TASK STATEMENT: Transcribe the entries exactly as given and skip whatever images they hold.

[Start of section]

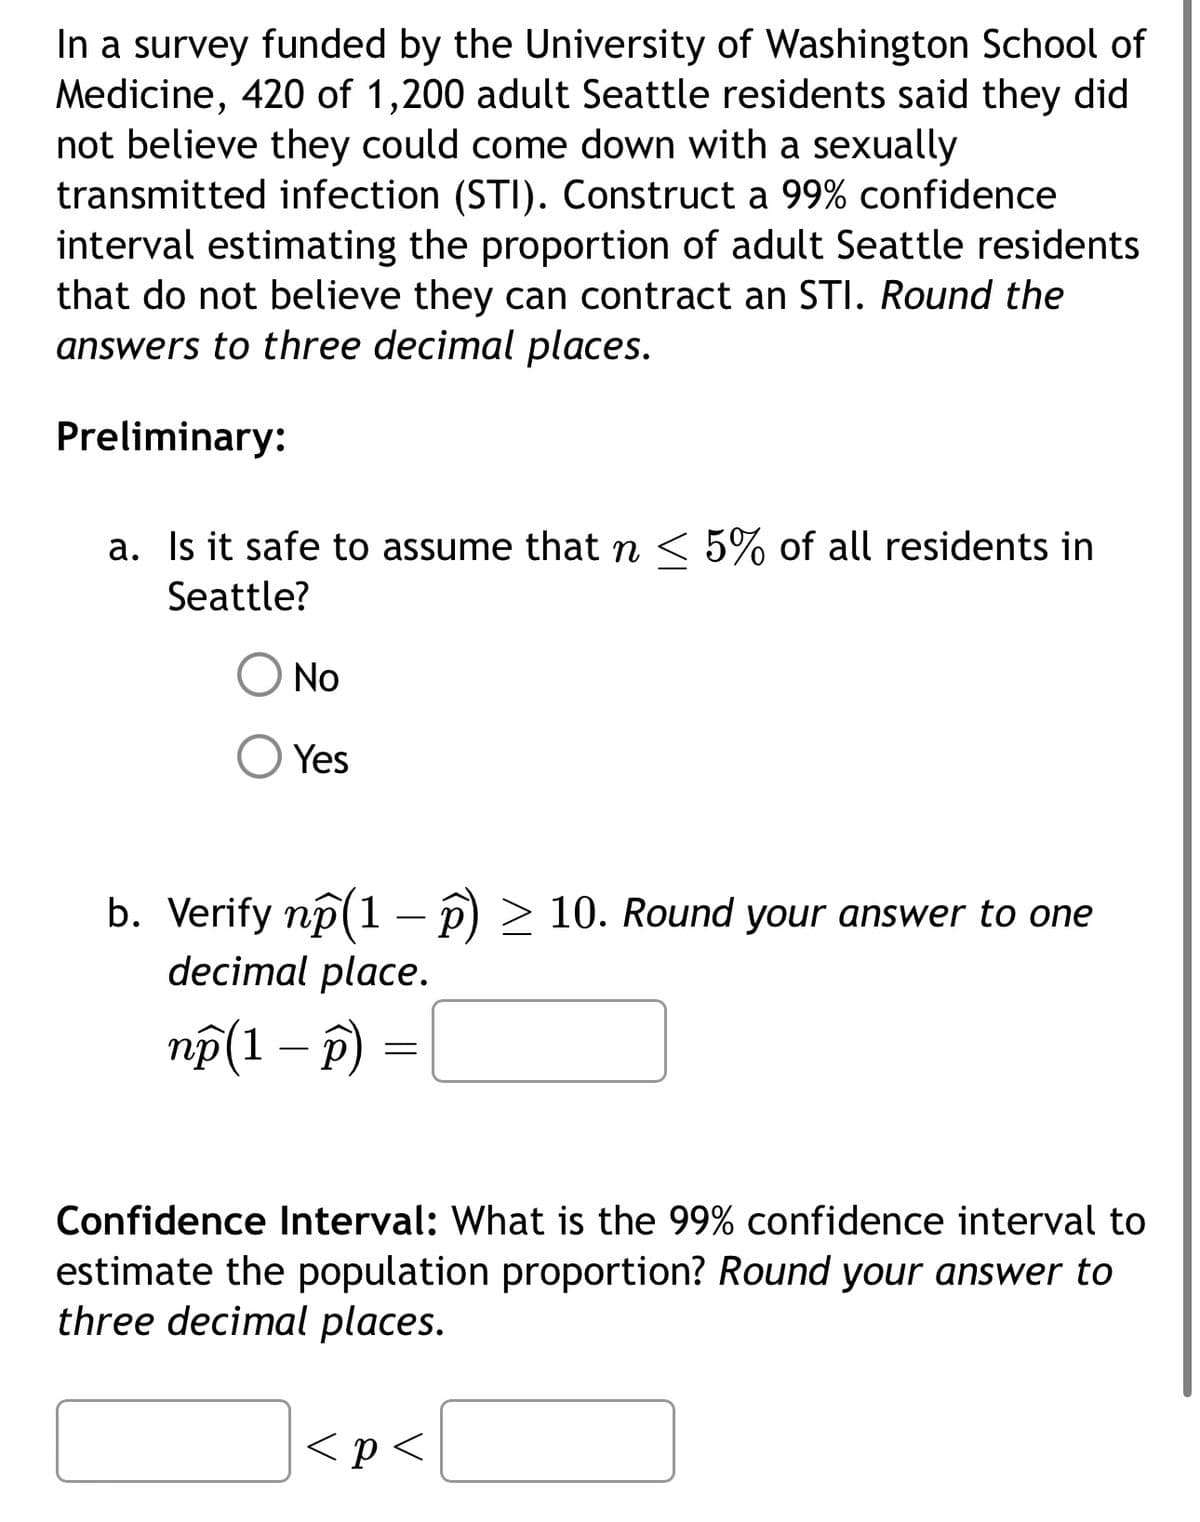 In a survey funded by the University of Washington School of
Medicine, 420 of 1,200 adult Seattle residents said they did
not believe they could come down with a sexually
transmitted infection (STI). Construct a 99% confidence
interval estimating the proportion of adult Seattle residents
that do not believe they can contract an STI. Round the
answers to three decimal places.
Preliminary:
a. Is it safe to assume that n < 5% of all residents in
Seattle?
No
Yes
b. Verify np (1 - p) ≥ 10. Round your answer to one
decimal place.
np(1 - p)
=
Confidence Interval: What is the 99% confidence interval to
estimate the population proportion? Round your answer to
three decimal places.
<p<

[End of section]

EXERCISE RESULT:
 In a survey funded by the University of Washington School of
Medicine, 420 of 1,200 adult Seattle residents said they did
not believe they could come down with a sexually
transmitted infection (STI). Construct a 99% confidence
interval estimating the proportion of adult Seattle residents
that do not believe they can contract an STI. Round the
answers to three decimal places.
Preliminary:
a. Is it safe to assume that n < 5% of all residents in
Seattle?
No
Yes
b. Verify np (1 - p) ≥ 10. Round your answer to one
decimal place.
np(1 - p)
=
Confidence Interval: What is the 99% confidence interval to
estimate the population proportion? Round your answer to
three decimal places.
<p<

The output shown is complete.